Il est indéniable que les analyses de Mehdi Ben Barka sur la situation marocaine, africaine et du tiers-monde en général étaient importantes. Il n’y avait aucune raison qu’il n’en ait pas fait profiter un diplomate ou un responsable politique d’un « pays ami ». Il était dans son rôle de dirigeant politique et ne s’en privait pas. Il avait des réunions de travail régulières avec des chefs d’État comme Gamal Abdel Nasser pour l’Égypte, Ahmed Ben Bella pour l’Algérie, Kwame N’Krumah pour le Ghana…
Par ailleurs, il n’avait nullement besoin de l’intermédiaire d’un deuxième secrétaire d’ambassade tchécoslovaque à Paris ou de passer par Prague pour échanger avec les responsables soviétiques. Ces contacts existaient déjà lorsqu’il était président de l’Assemblée nationale consultative marocaine, au lendemain de l’indépendance du Maroc. De plus, le représentant du Comité soviétique de solidarité afro-asiatique était un membre important du secrétariat permanent de l’OSPAA au Caire et co-président du fonds de solidarité chargé de récolter et distribuer l’aide aux mouvements de libération du tiers-monde. Mehdi Ben Barka occupait des fonctions importantes dans ces deux organismes et, à ce titre, était chargé de recevoir et de distribuer ces aides. Prague servait souvent d’intermédiaire à ces transactions.
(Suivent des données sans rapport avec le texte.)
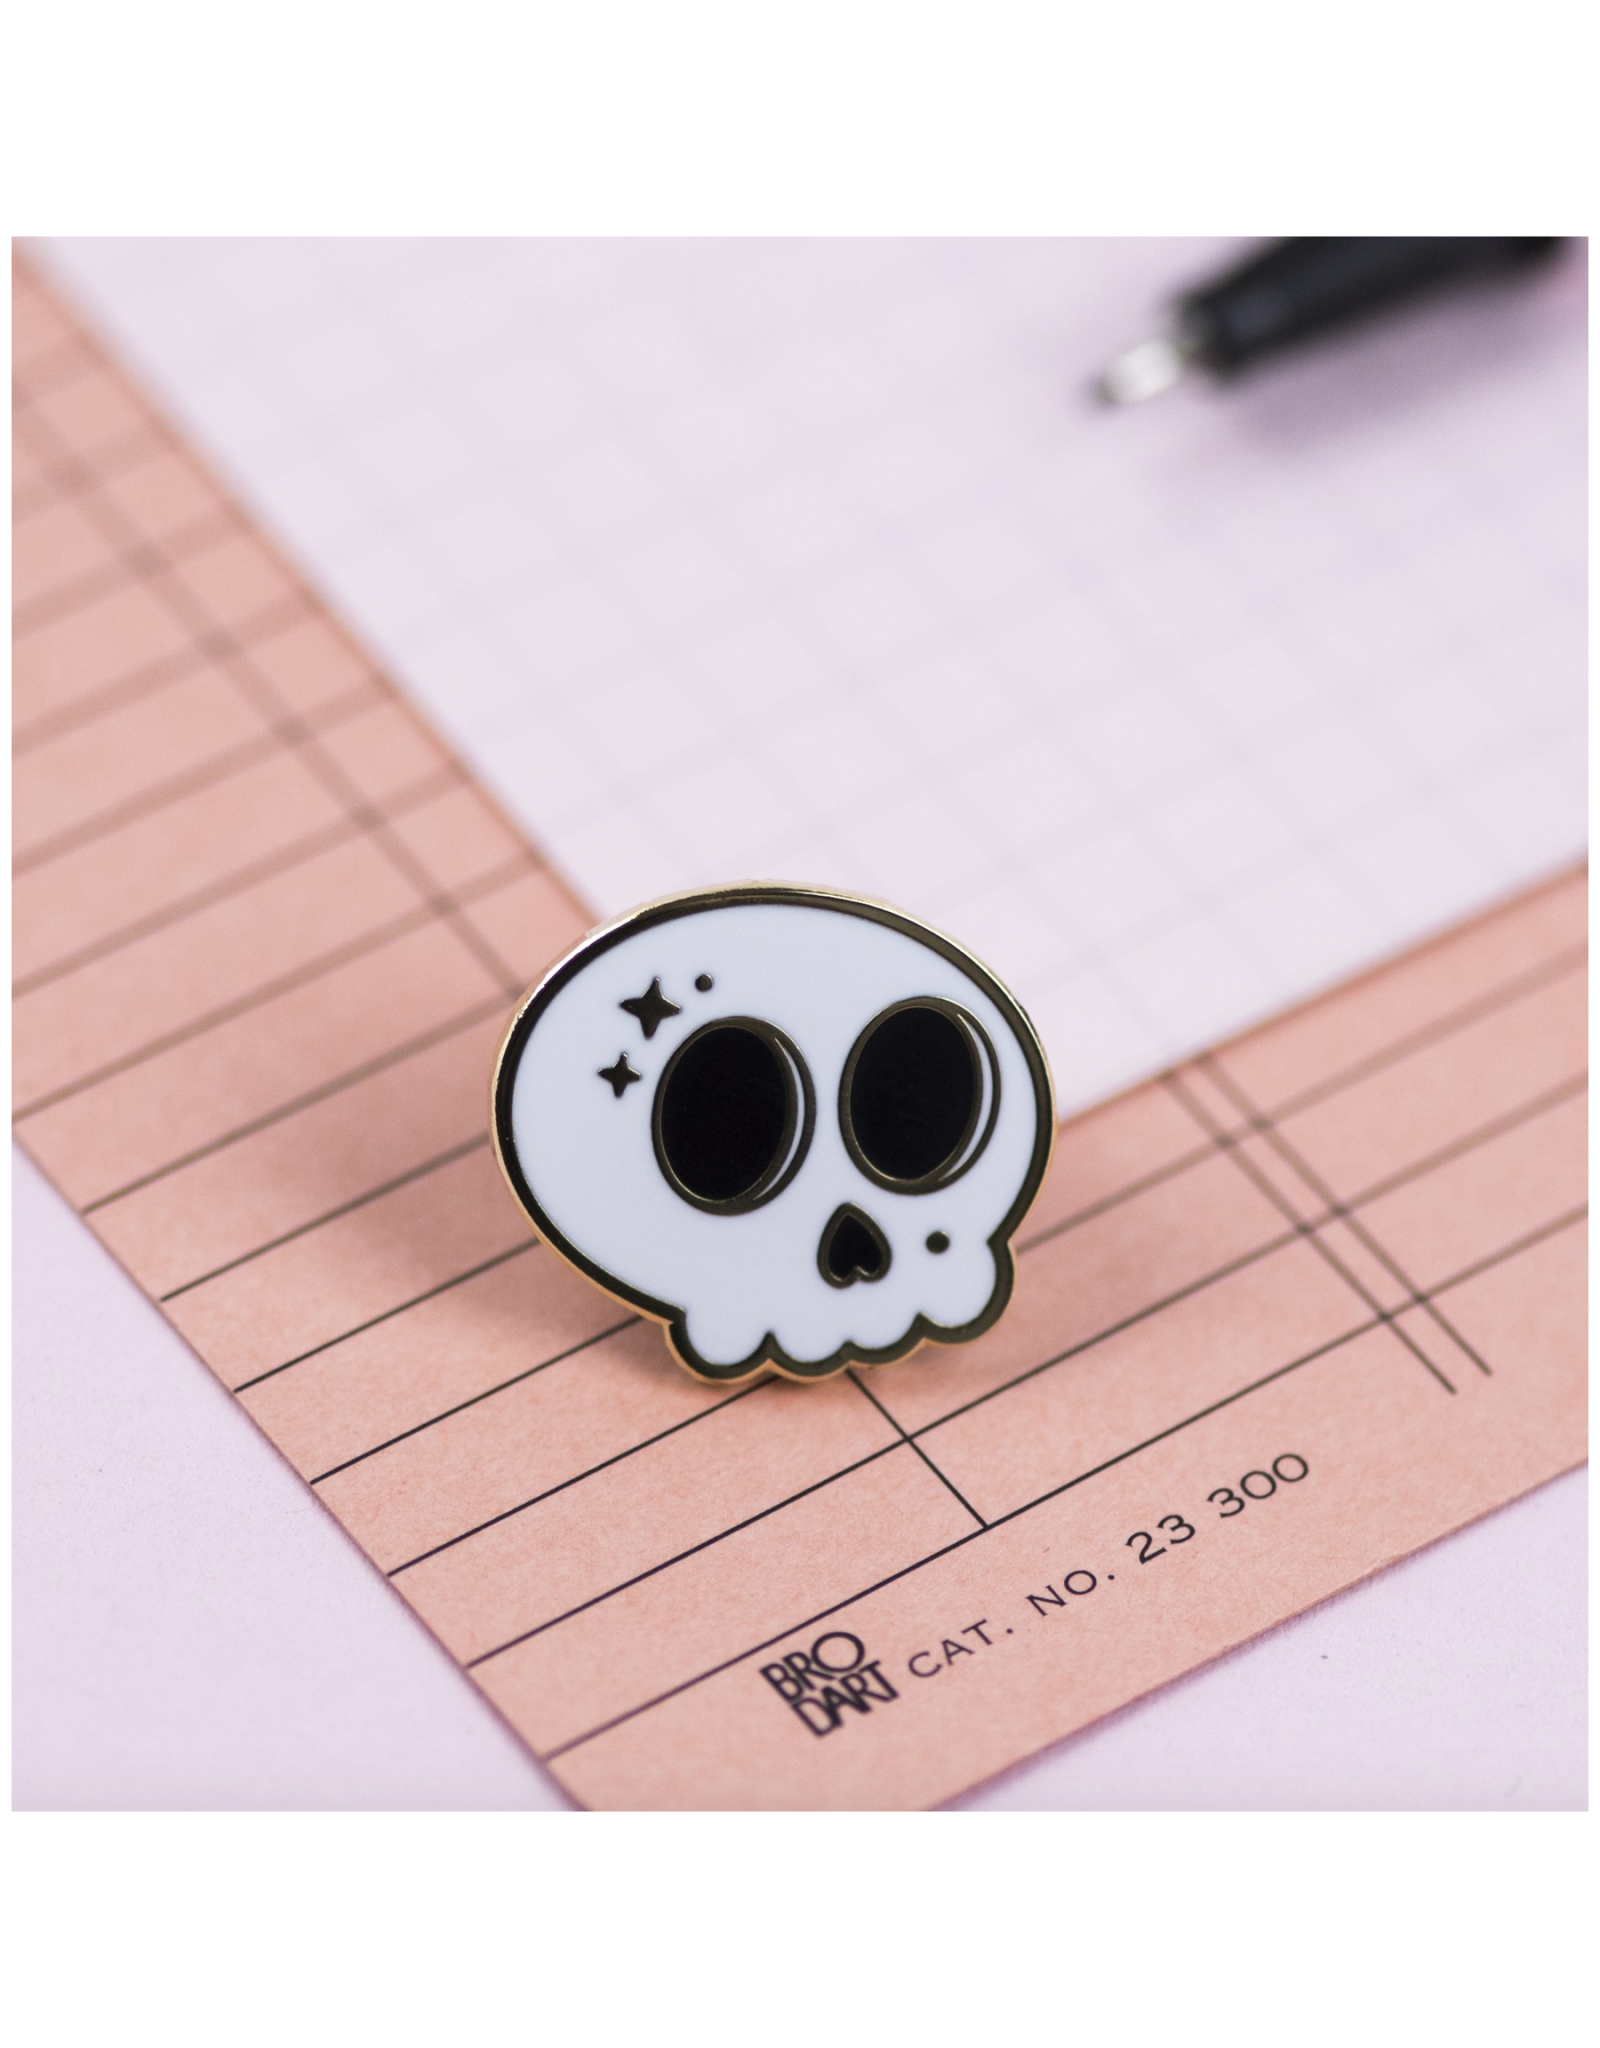 Cute Skull Pin

Autre remarque qui ne cadre pas avec les contraintes qui auraient été imposées à un agent : Mehdi Ben Barka n’a jamais varié de sa ligne politique et idéologique, à savoir le développement du combat anticolonial et anti-impérialiste par le renforcement de la solidarité internationale tout en préservant le mouvement du tiers-monde des influences aussi bien soviétique que chinoise. Cette ligne de conduite n’a jamais changé, même après ses passages à Prague. Quant à son voyage à Pékin durant l’été 1965, c’était pour convaincre les dirigeants chinois de l’importance de la présence de l’URSS à la conférence tricontinentale, ce que la Chine contestait, arguant que l’URSS était « européenne » ; mais Mehdi Ben Barka insistait sur l’importance des républiques asiatiques. Il a eu finalement gain de cause. Le « noyau dur » tiers-mondiste indépendant de la Chine et de l’URSS au sein de la Tricontinentale autour de Mehdi Ben Barka avait un poids suffisamment fort pour imposer sa présidence au sein de son Comité préparatoire, qui a été décidée unanimement.
LA MÉMOIRE BAFOUÉE
La famille de Mehdi Ben Barka est profondément choquée et indignée par ces pseudo-révélations fabriquées volontairement à charge, sans aucun recul ni analyse des situations, du contexte historique et politique. L’objectif recherché est de porter atteinte à sa mémoire, de dénaturer le sens de son action politique et de sa pensée en faveur de la lutte des peuples contre le colonialisme, l’impérialisme et le sionisme, pour leur émancipation politique et sociale et pour la démocratie.
Certes, victime d’un enlèvement — un crime politique — le 29 octobre 1965, il n’a pas pu mener à son terme son combat pour la modernisation de la société marocaine et l’unification des mouvements progressistes du tiers-monde. Mais ses idées et son œuvre ont nourri et nourrissent encore les luttes de plusieurs générations de Marocains et au-delà. Comme les tentatives précédentes, les dernières atteintes à sa mémoire ne sauraient altérer son combat ni diminuer la portée de sa contribution à l’émergence d’une société nouvelle.
Enfin, nous sommes surpris de la facilité avec laquelle certains peuvent accéder à des milliers de documents, alors que, depuis 56 ans, nous avons avec notre avocat Me Maurice Buttin les pires difficultés à consulter ceux d’autres services de renseignement qui pourraient nous aider à connaître enfin la vérité sur le sort de Mehdi Ben Barka.
BACHIR BEN BARKA
Président de l’Institut Mehdi Ben Barka -Mémoire vivante.